The tension in the Taiwan Strait also remains a critical factor. The frequency of Chinese military sorties near Taiwan has prompted Japan and the United States to conduct more frequent joint exercises and to upgrade the defense capabilities of Taiwan itself. This environment of constant friction is what has necessitated the “hedge” being built by regional actors: a strategy of preparing for the possibility of conflict while simultaneously building the capacity to deter it.

Hedging Against American Policy Volatility

Perhaps the most significant motivation for the current surge in regional defense ties is the perceived volatility of American foreign policy. As domestic political debates in the United States increasingly question the cost and necessity of overseas commitments, allies in the Indo-Pacific are planning for a future of diminished or inconsistent American engagement.

Hedging Against American Policy Volatility
Prabowo Subianto defense meeting

This hedging strategy involves a two-pronged approach. First, allies are strengthening their ties with the United States to ensure that the current security guarantees remain intact. Second, they are building “redundant” security structures—such as the Japan-Australia-Philippines trilateral or the AUKUS technological framework—that can sustain regional stability even if the United States shifts toward a more isolationist stance. This is not an act of distrust, but a pragmatic response to the reality of democratic political cycles.

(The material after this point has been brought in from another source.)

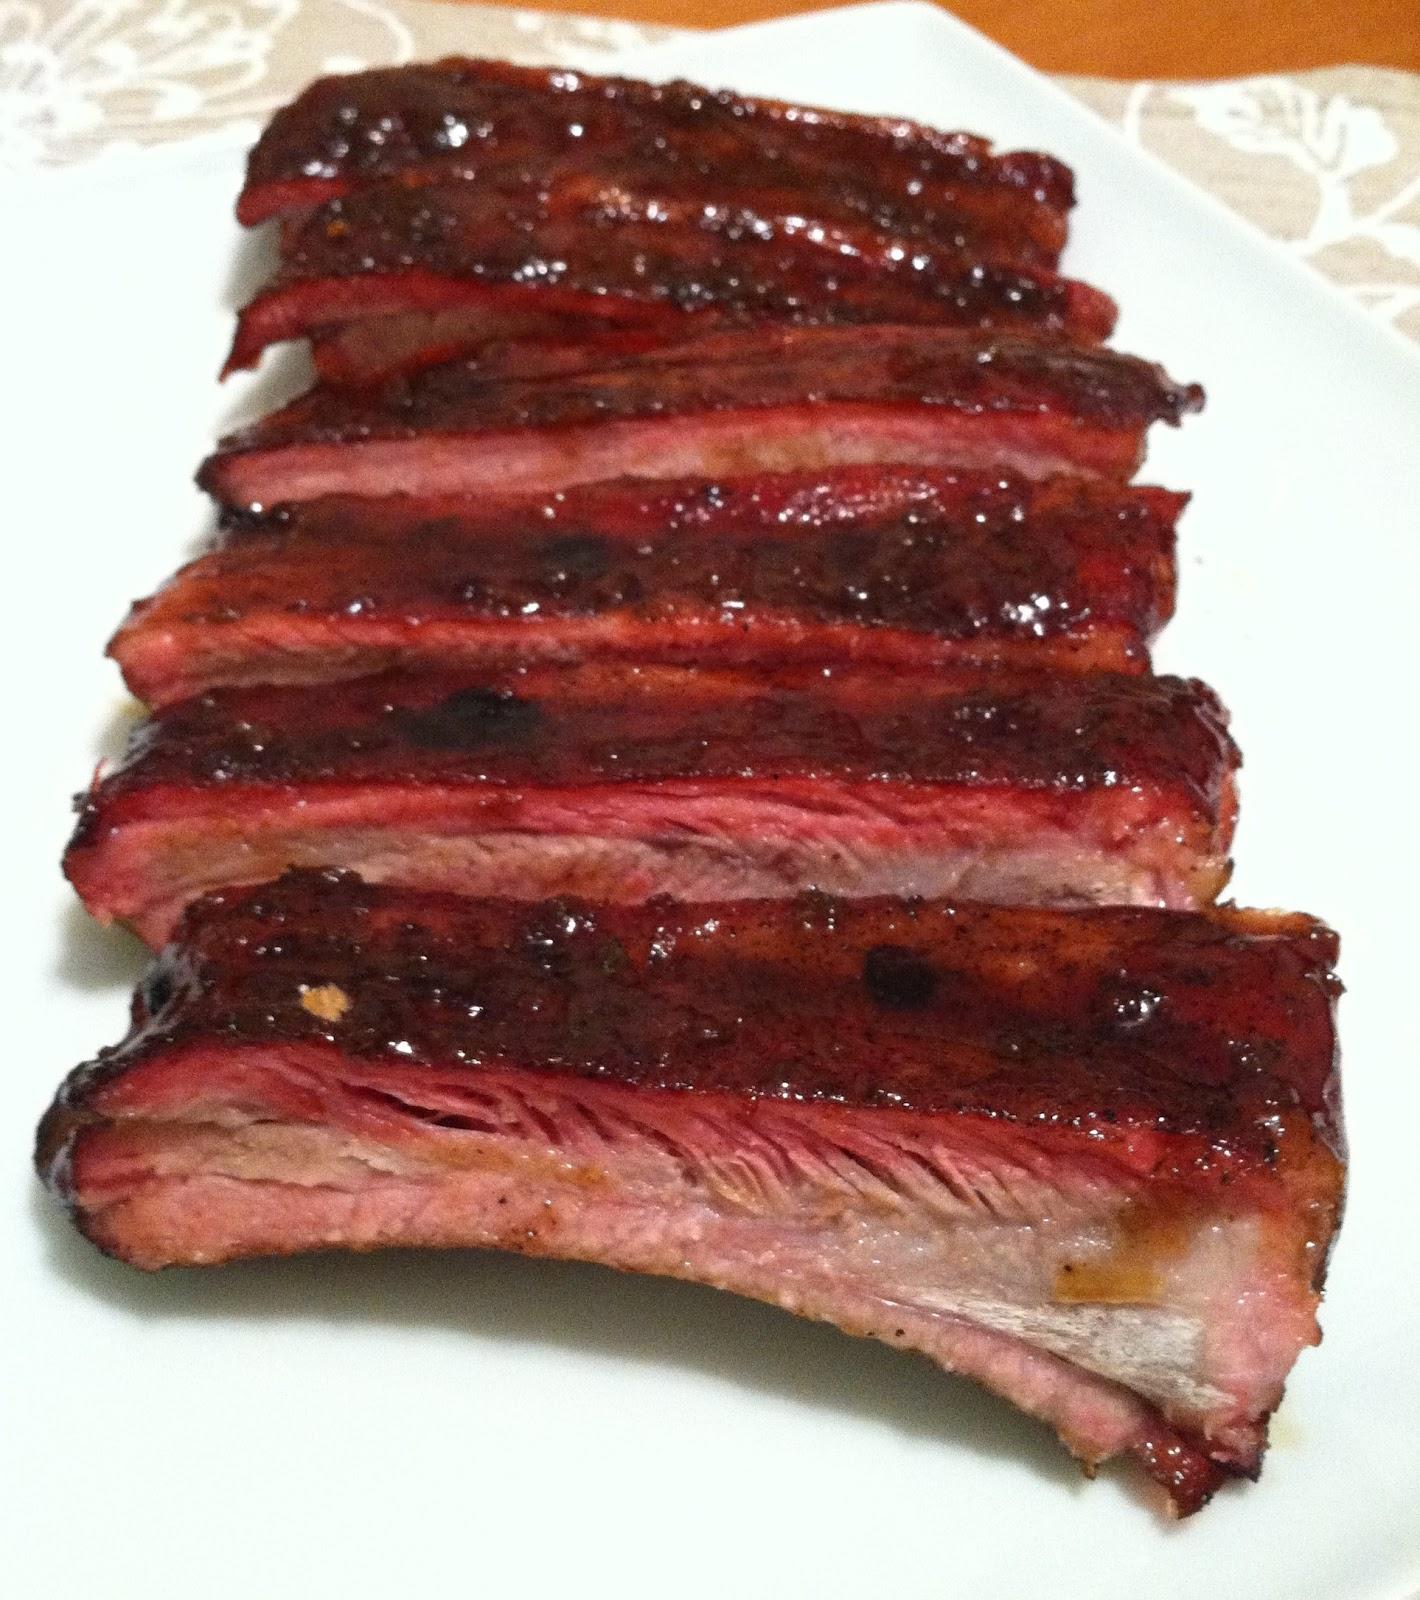 ... Smoker) Box: Adventures in BBQ Blog: Maple Sugar Dry Rub & Rib Glaze

This shift also extends into the economic and technological sectors. The concept of “friend-shoring” has become a cornerstone of Indo-Pacific security policy. By diversifying semiconductor supply chains and securing access to critical minerals through partnerships with Australia, Indonesia, and Vietnam, these nations are attempting to decouple their economic security from potential Chinese coercion. The logic is clear: true defense capability requires not just ships and missiles, but the industrial and technological independence to produce them without interruption.

As the region moves toward the latter half of the decade, the success of this “great Indo-Pacific hedge” will depend on whether these minilateral groups can move beyond coordination and achieve true operational integration. The focus will likely shift from high-level diplomatic agreements to the practicalities of joint command structures, shared logistics, and integrated digital battle management systems.